Un país agrícola sin paisanos
El territorio de lo que es hoy la Argentina, estaba muy escasamente poblado antes de la llegada de los españoles.
Los pueblos originarios vivían mayoritariamente en lo que se denomina cultura de los “recolectores de alimentos”, un estadio anterior al de la agricultura, generalmente nómades. La introducción por los europeos de vacunos y yeguarizos modificó, y sin duda mejoró, sus condiciones de vida y la satisfacción de sus necesidades.

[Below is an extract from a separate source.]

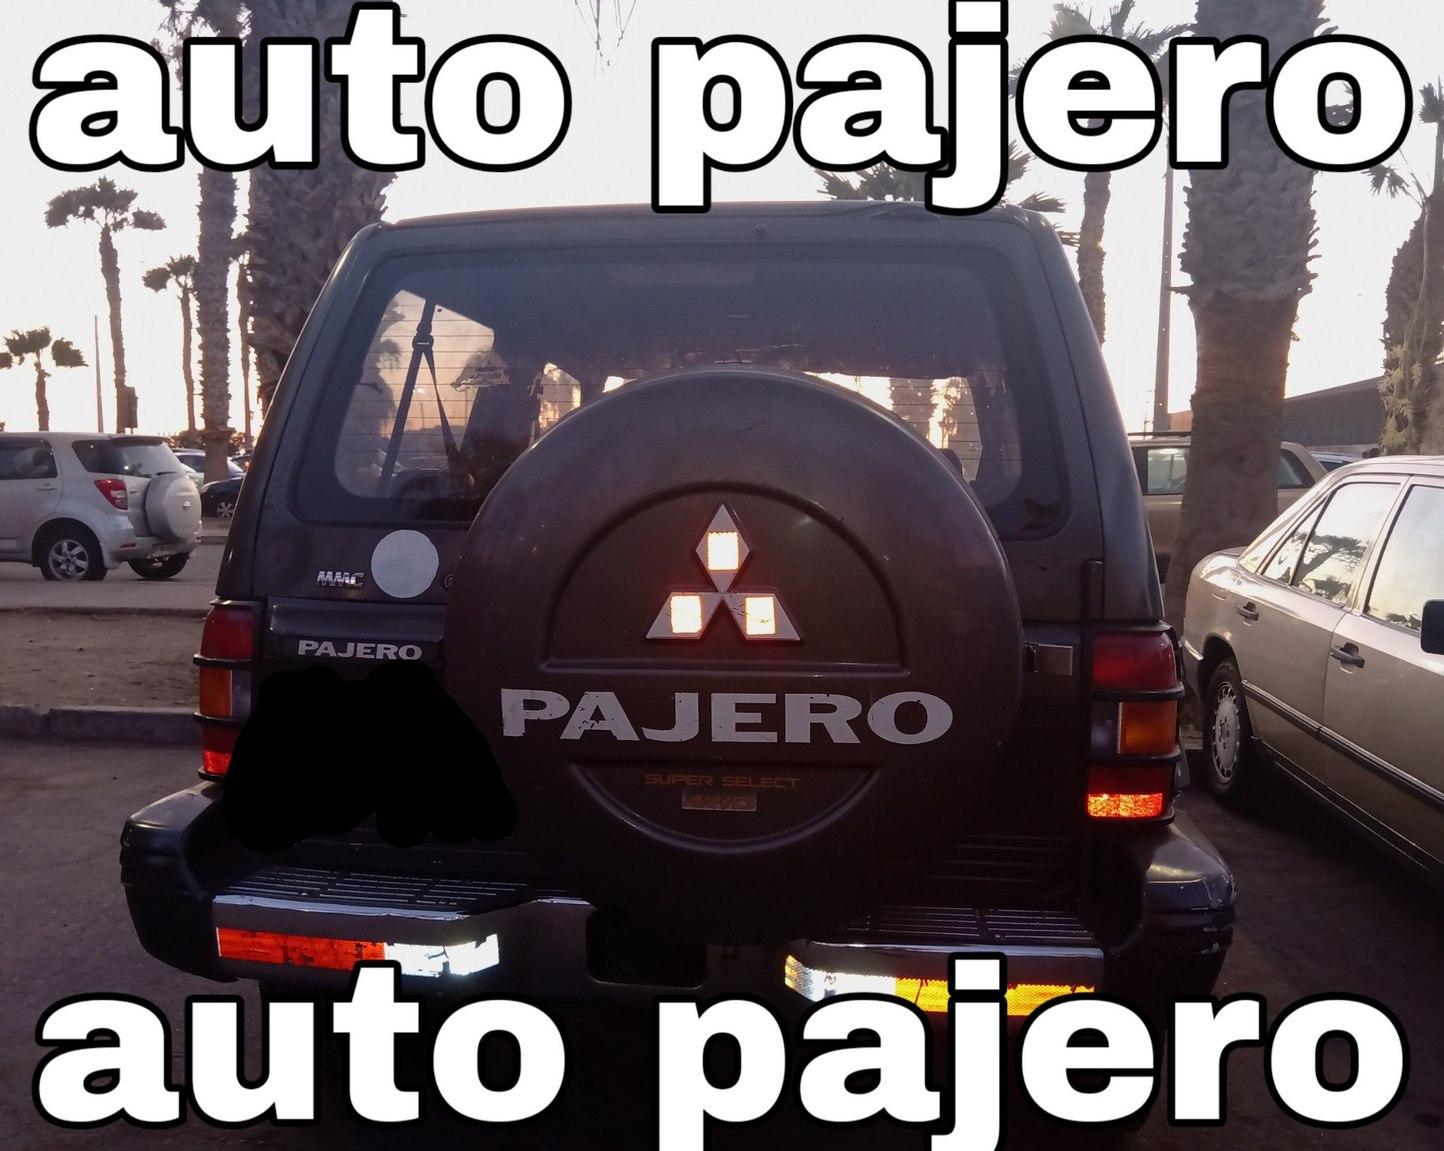 Auto pajero auto pajero - meme

La estrategia de ocupación territorial de los españoles, para tener alguna presencia en extensos territorios con muy pocos habitantes fue la generación de redes o ejes de pequeños centros poblados para facilitar las comunicaciones, el comercio y la defensa; que generó un predominio marcado de la población urbana, que con diferencia de grado se mantuvo a través del tiempo.

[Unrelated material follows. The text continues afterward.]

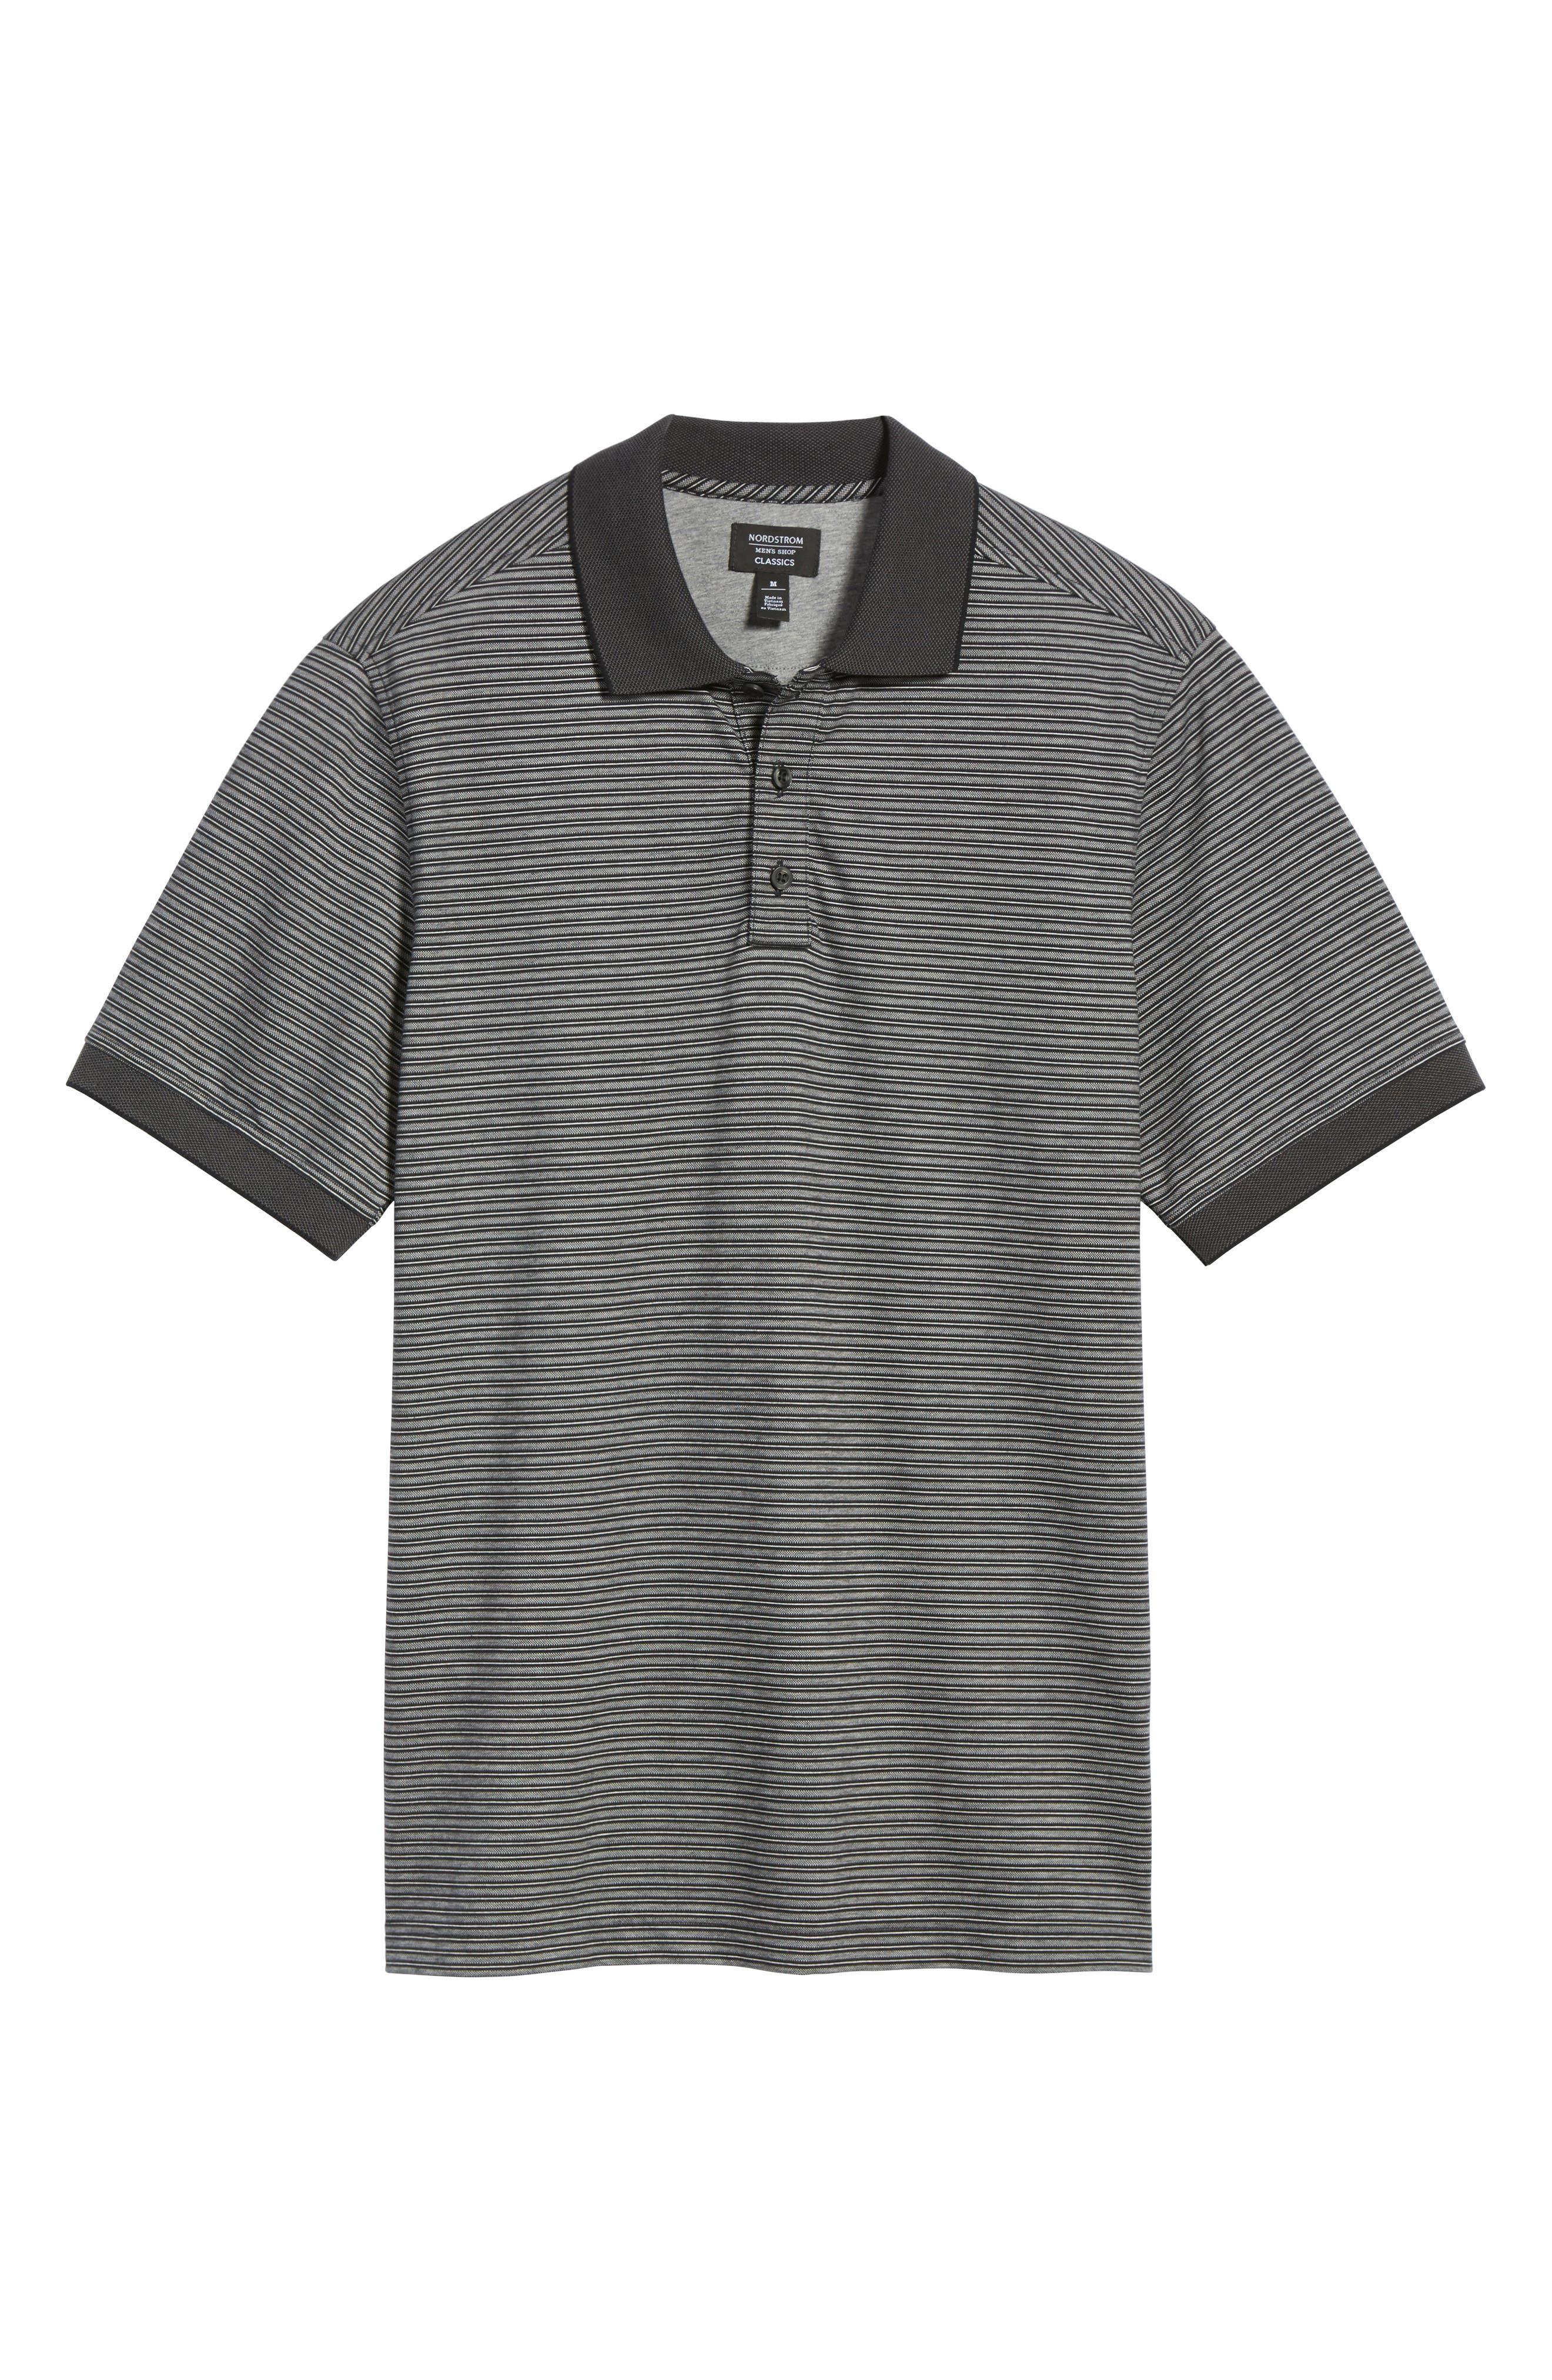 Regular Fit Performance Stripe Polo,                             Alternate thumbnail 6, color,                             030

Surgen así constantes de nuestra situación poblacional que marcan fuertemente nuestra historia:
1) Escasa población en relación al territorio: a comienzos del siglo XXI; 14,4 habitantes por Km/2 contra 45,5 habitantes por Km/2 a nivel mundial.
2) Altísima proporción de habitantes urbanos. También en los inicios del presente siglo alrededor del 92% de población urbana mientras a nivel mundial alcanza a solo el 50%.
Argentina, finalmente no se ha podido diferenciar de la situación que, desgraciadamente, caracteriza a la América Latina a nivel mundial: la enorme “brecha” entre ricos y pobres.
Al analizar los últimos censos encontramos la población Argentina dividida en tres tercios casi iguales: 1) La población de la Ciudad de Buenos Aires y los partidos bonaerenses del llamado gran Buenos Aires. 2) La restante que vive en núcleos de mas de 50.000 habitantes. 3) La que vive en urbanizaciones de menos de 50.000 o en el ámbito rural.
A la altísima proporción de habitantes urbanos se le suma una importante “concentración”, la situación se repite en general a nivel provincial.
Alta urbanización, concentración, brecha marcada en la distribución del ingreso, generan el mayor problema, la mayor limitación hacia el futuro de nuestra sociedad: la pobreza e indigencia urbana.
Solamente en el aglomerado bonaerense existen más de 800 villas y asentamientos, donde se estima vive aproximadamente el 16% de su gigantesca población. A esto hay que sumar una proporción similar de habitantes de dicho aglomerado, que carecen de pavimentos y desagües cloacales.
A partir del registro del Censo Nacional de 1970, la población del Gran Buenos Aires cambio la tendencia, ahora crece por debajo (muy ligeramente) del total del país. La concentración apenas se atenúa, pero ya no se acrecienta.
En un libro de texto del secundario de Francia, el capítulo dedicado a la Argentina se titulaba “Un país agrícola sin paisanos” (sin población rural).
Las nuevas tendencias de la producción industrial, que genera menos ocupación con cada vez más capacitación, va agotando o debilitando su rol en la lucha contra la pobreza y la marginación urbana.
El cuentapropismo de muy baja productividad, el llamado “trabajo en negro o no registrado”, el bajo nivel de capacitación, la desocupación y la subocupación son, entre otros, los flagelos a enfrentar en la difícil lucha contra la pobreza urbana; cuya superación no sólo es un problema de justicia; si no también la mayor traba para una transformación positiva y sostenible de nuestra realidad.
Arq. Umberto Terrizzano
Publicado en “Universidad Hoy” Nº 21 – Revista Institucional de la Universidad Católica de Santa Fe.